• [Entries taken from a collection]
━━━━━━━━

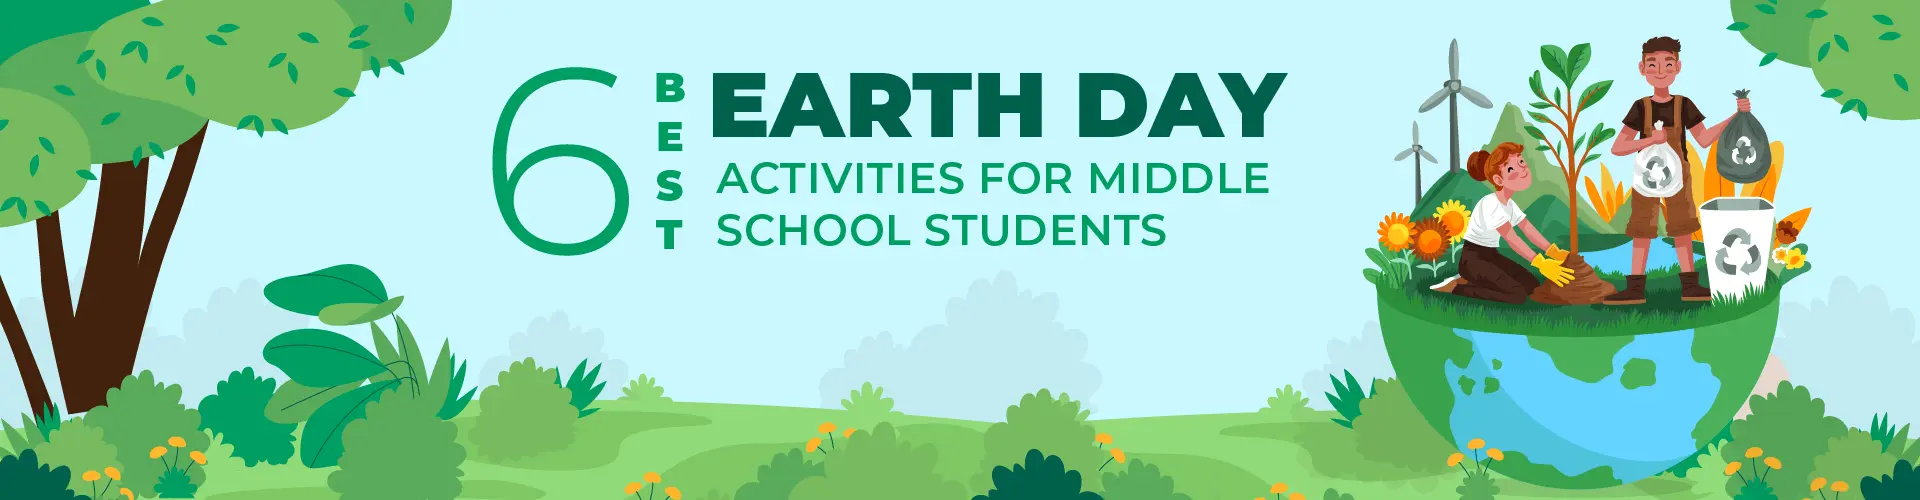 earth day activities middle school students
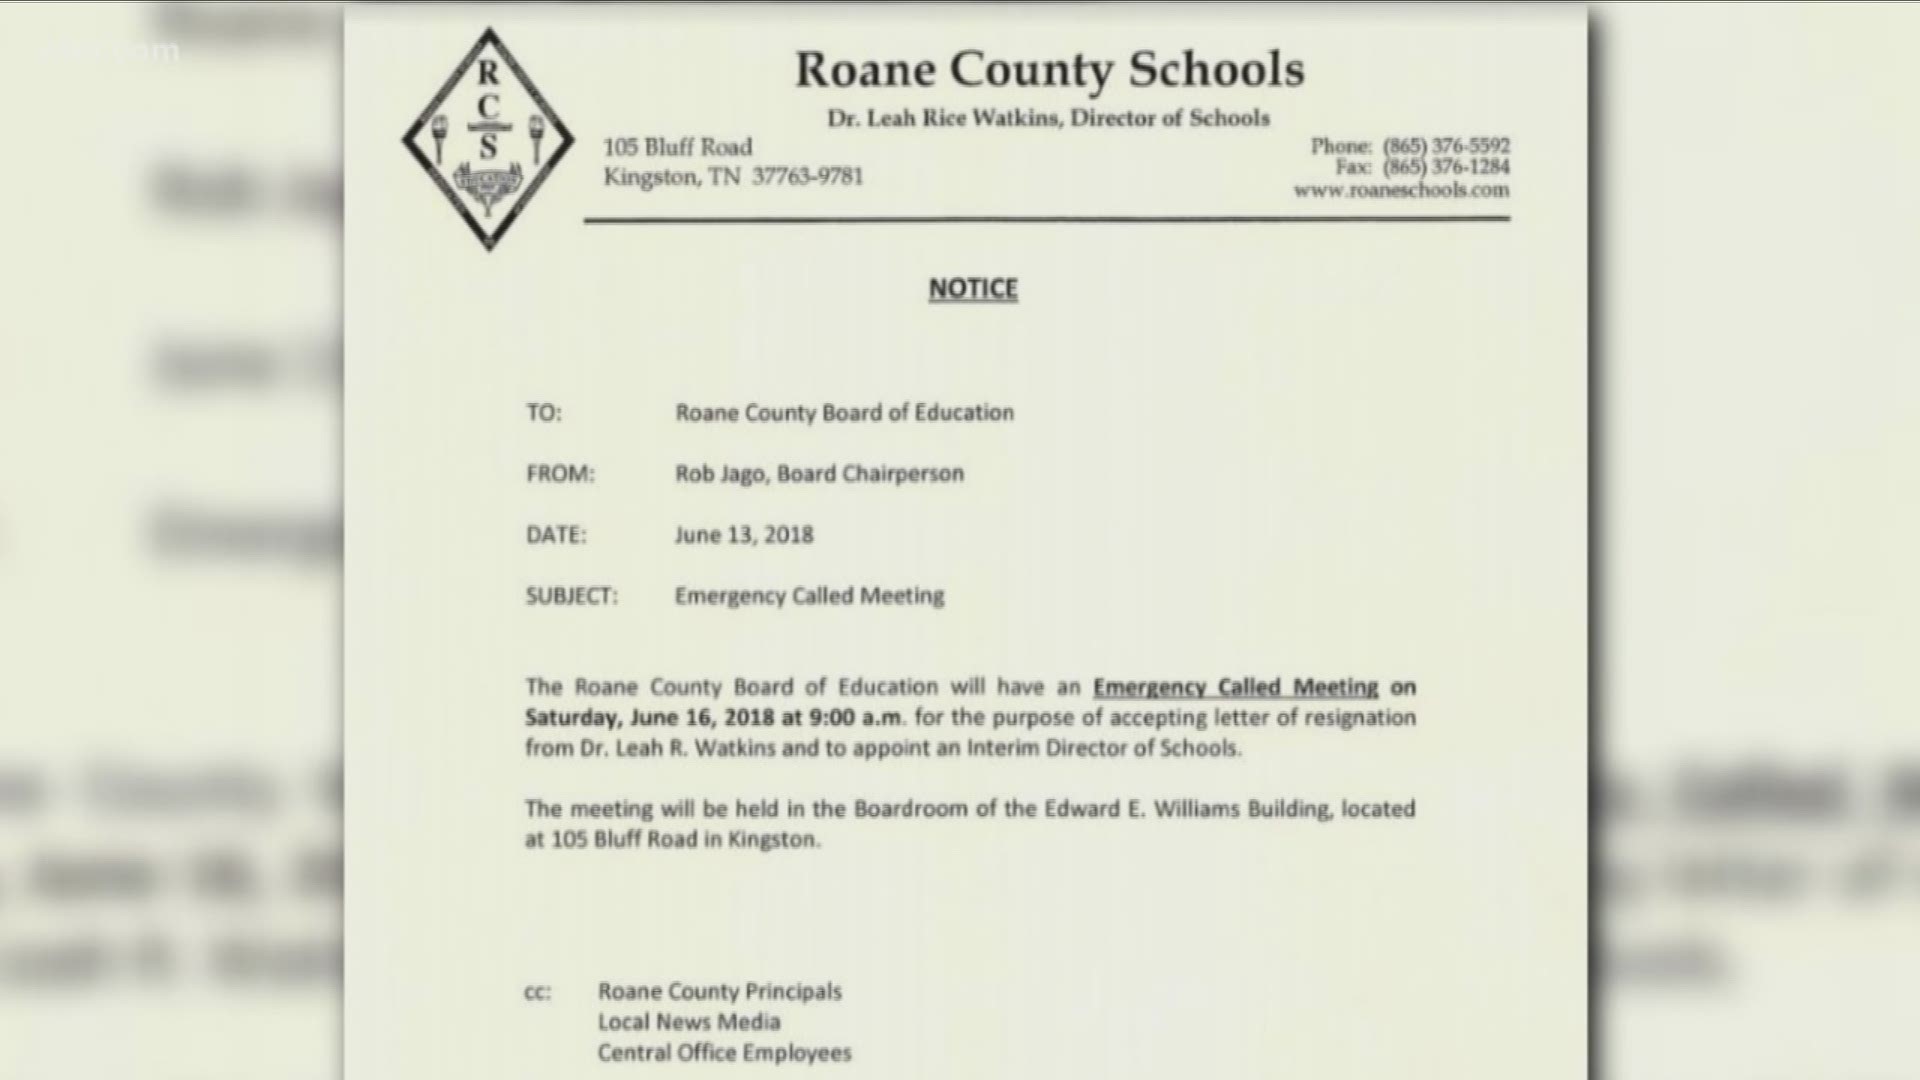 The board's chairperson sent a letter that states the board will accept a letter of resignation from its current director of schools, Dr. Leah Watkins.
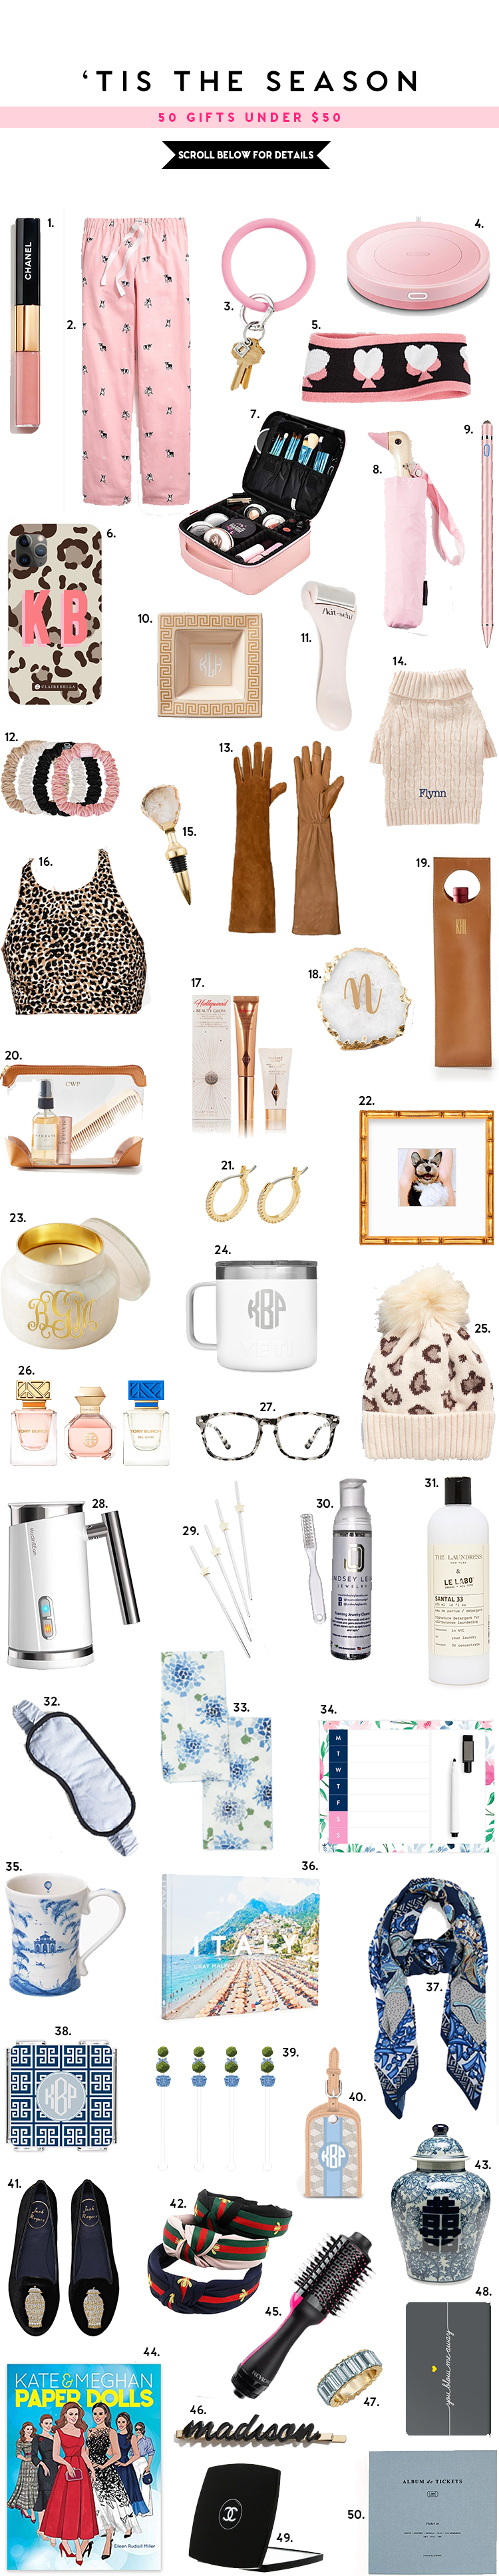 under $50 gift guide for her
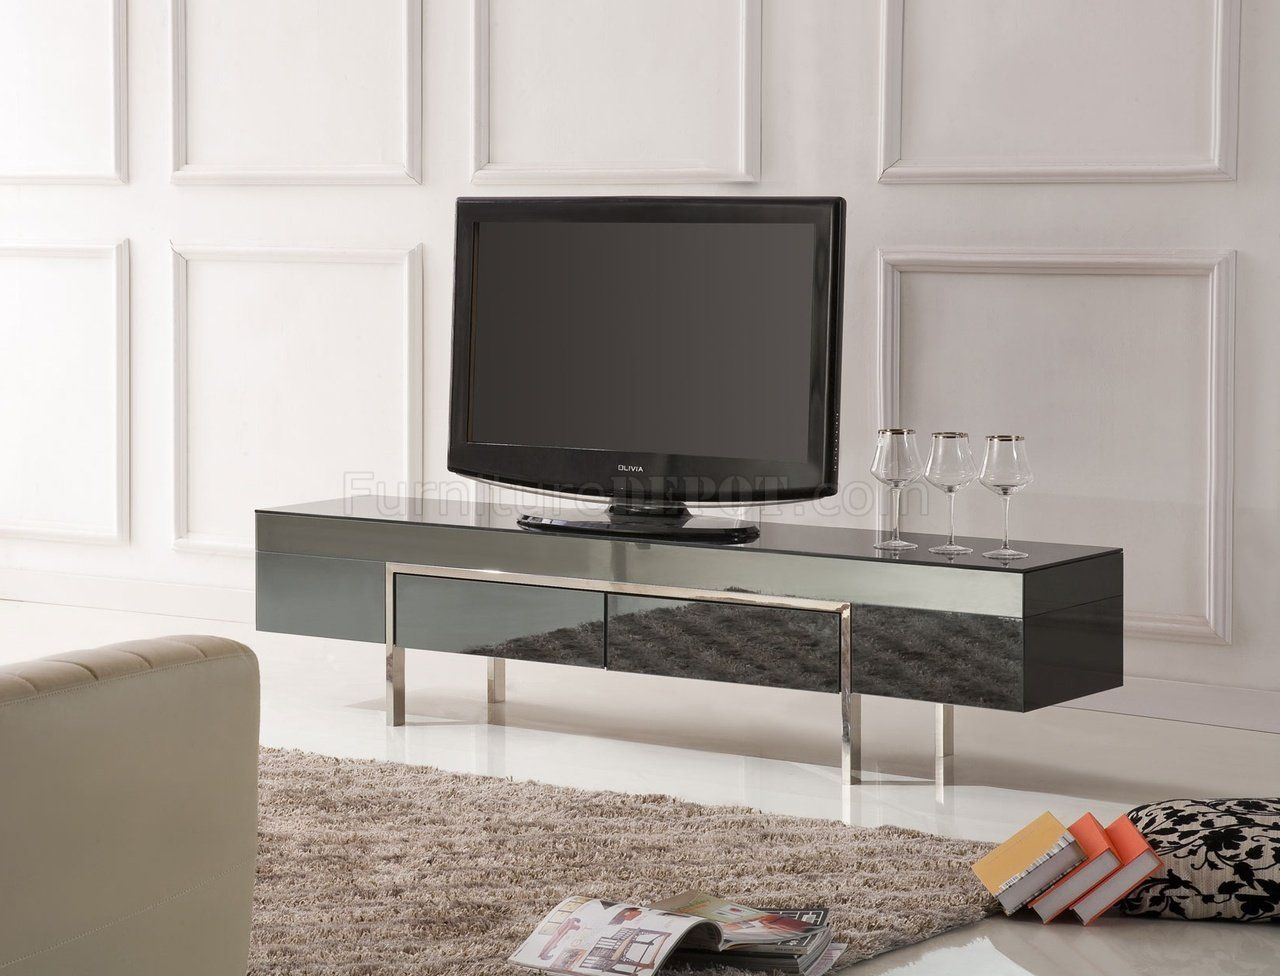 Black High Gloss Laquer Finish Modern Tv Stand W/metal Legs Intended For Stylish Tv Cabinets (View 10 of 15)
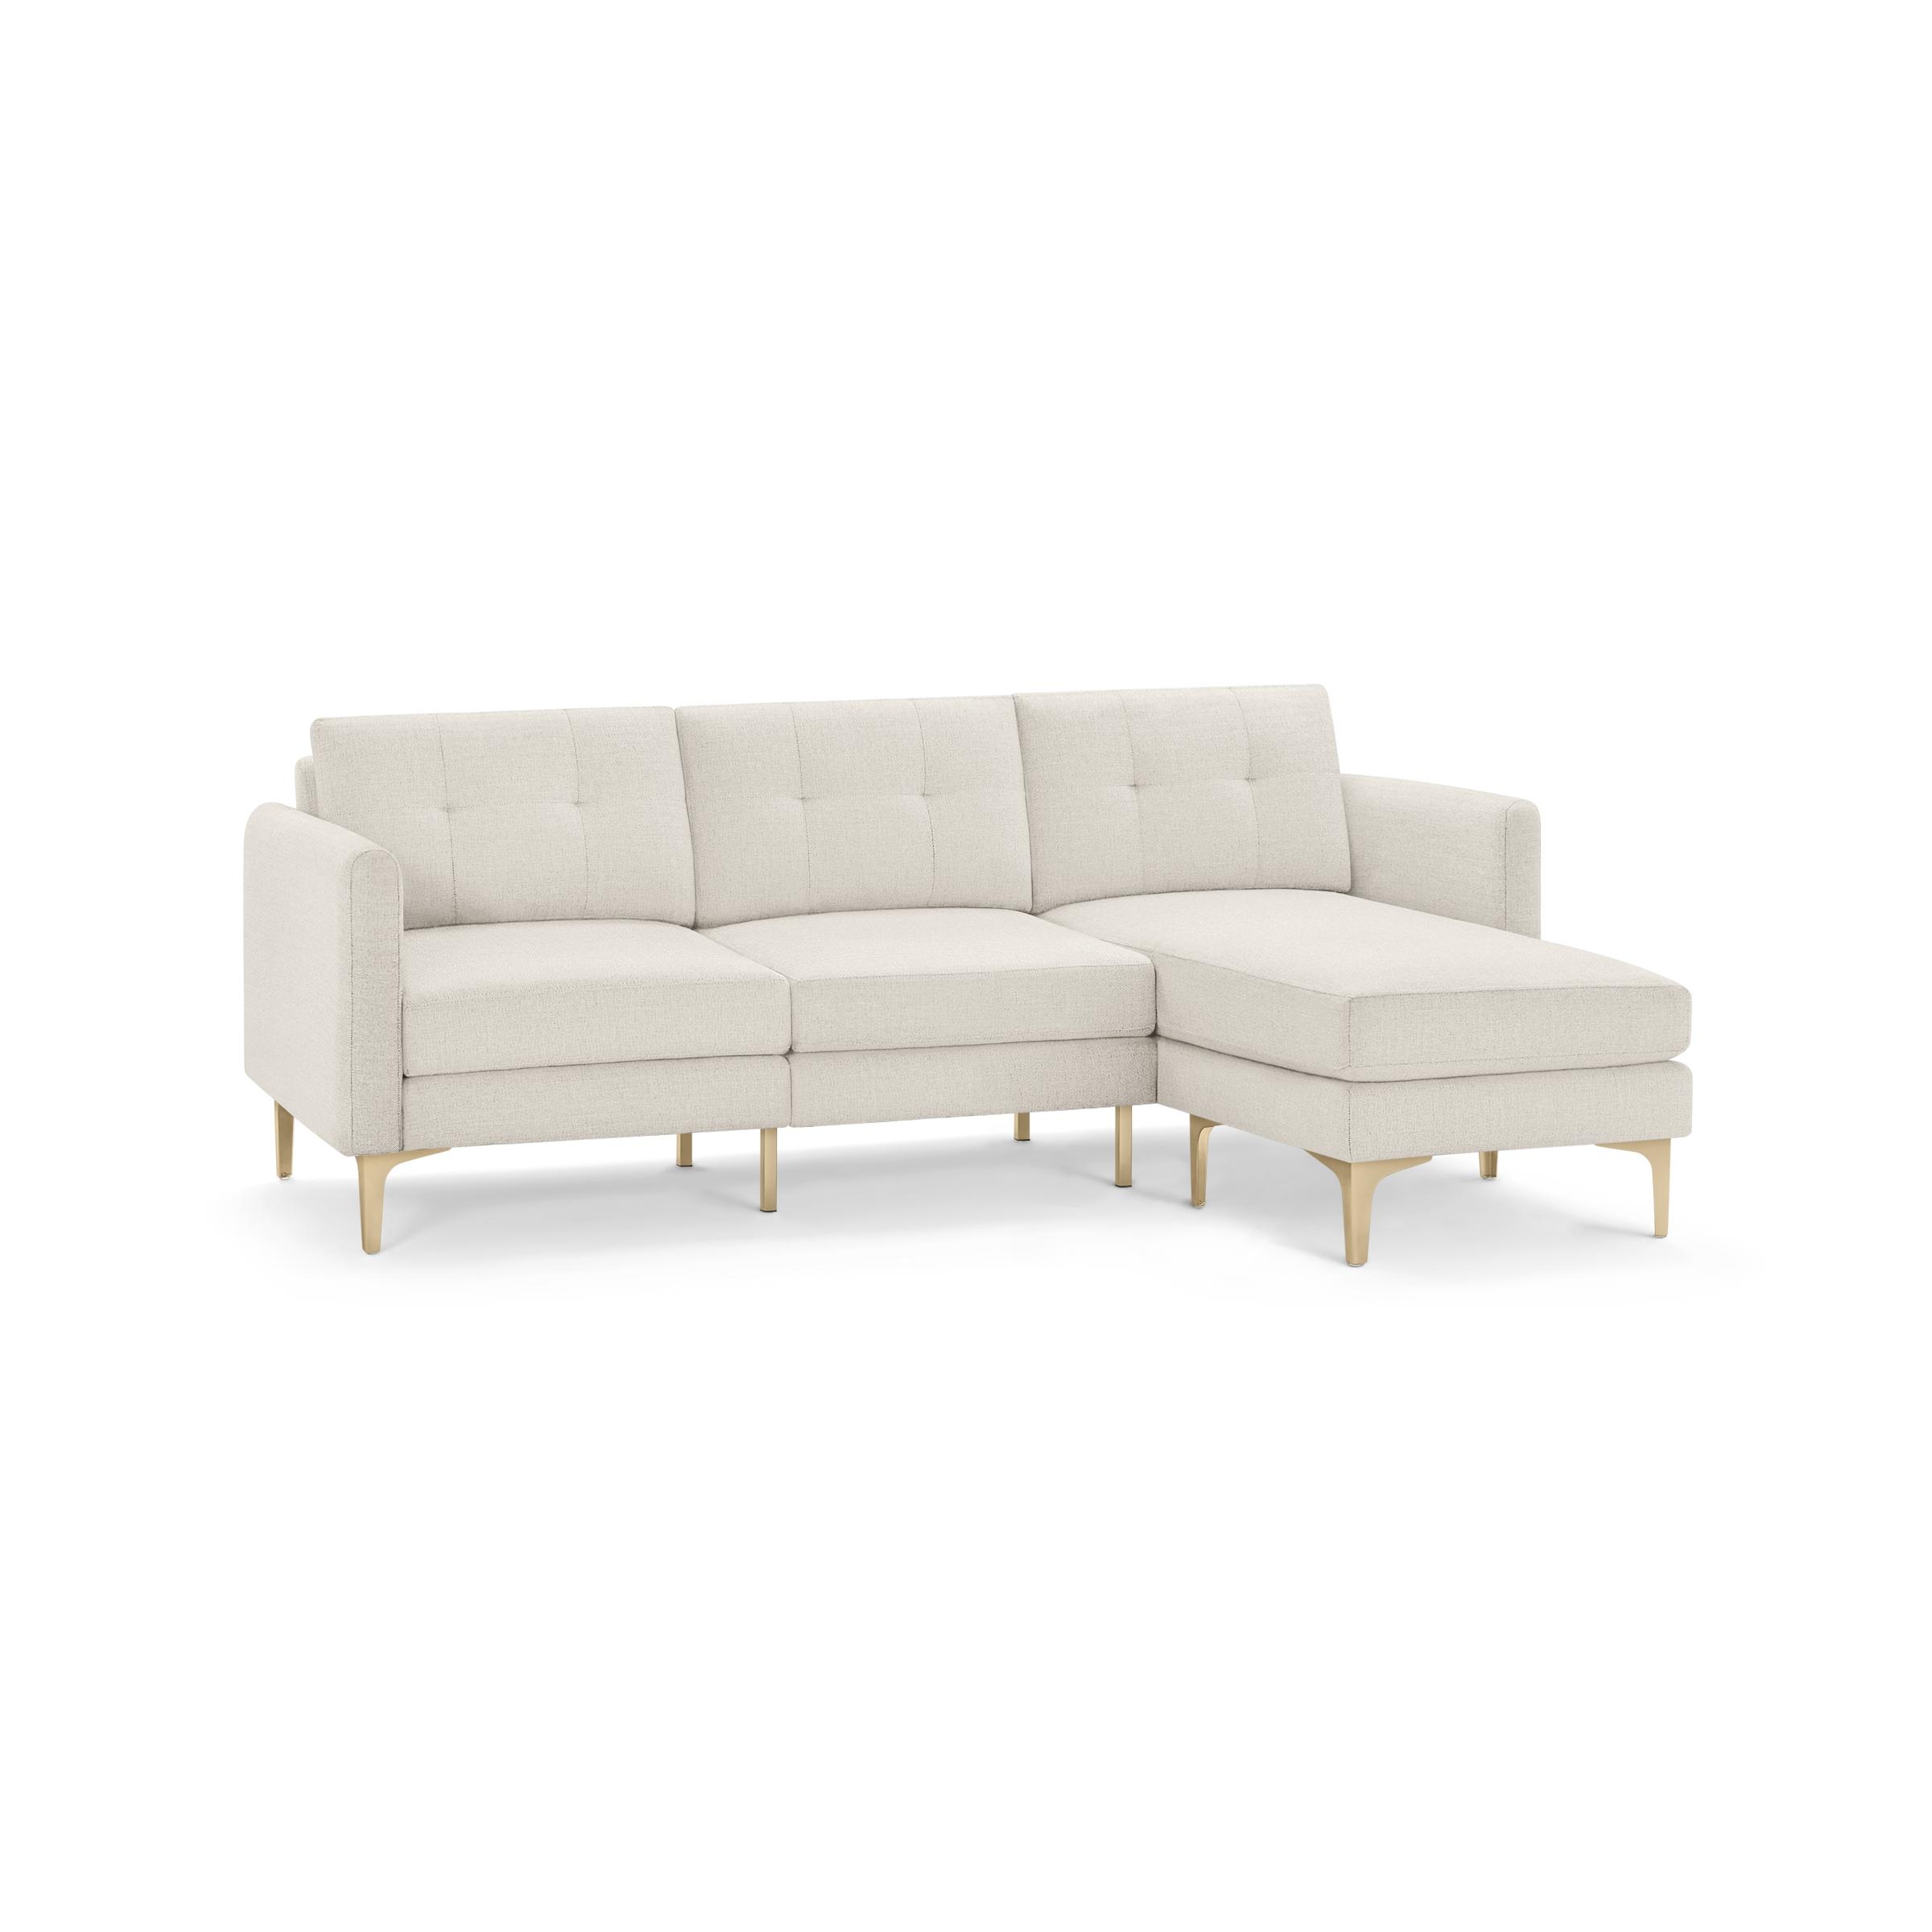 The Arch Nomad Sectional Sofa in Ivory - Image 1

━━━━━━━━

• [YOUR OBJECTIVE]
Please write out exactly the lines from the one containing "under $50 gift guide for her" through the last line of the records above, and leave out any pictures.

• [ANSWER FOR THE TASK]
 under $50 gift guide for her
 Black High Gloss Laquer Finish Modern Tv Stand W/metal Legs Intended For Stylish Tv Cabinets (View 10 of 15)
 The Arch Nomad Sectional Sofa in Ivory - Image 1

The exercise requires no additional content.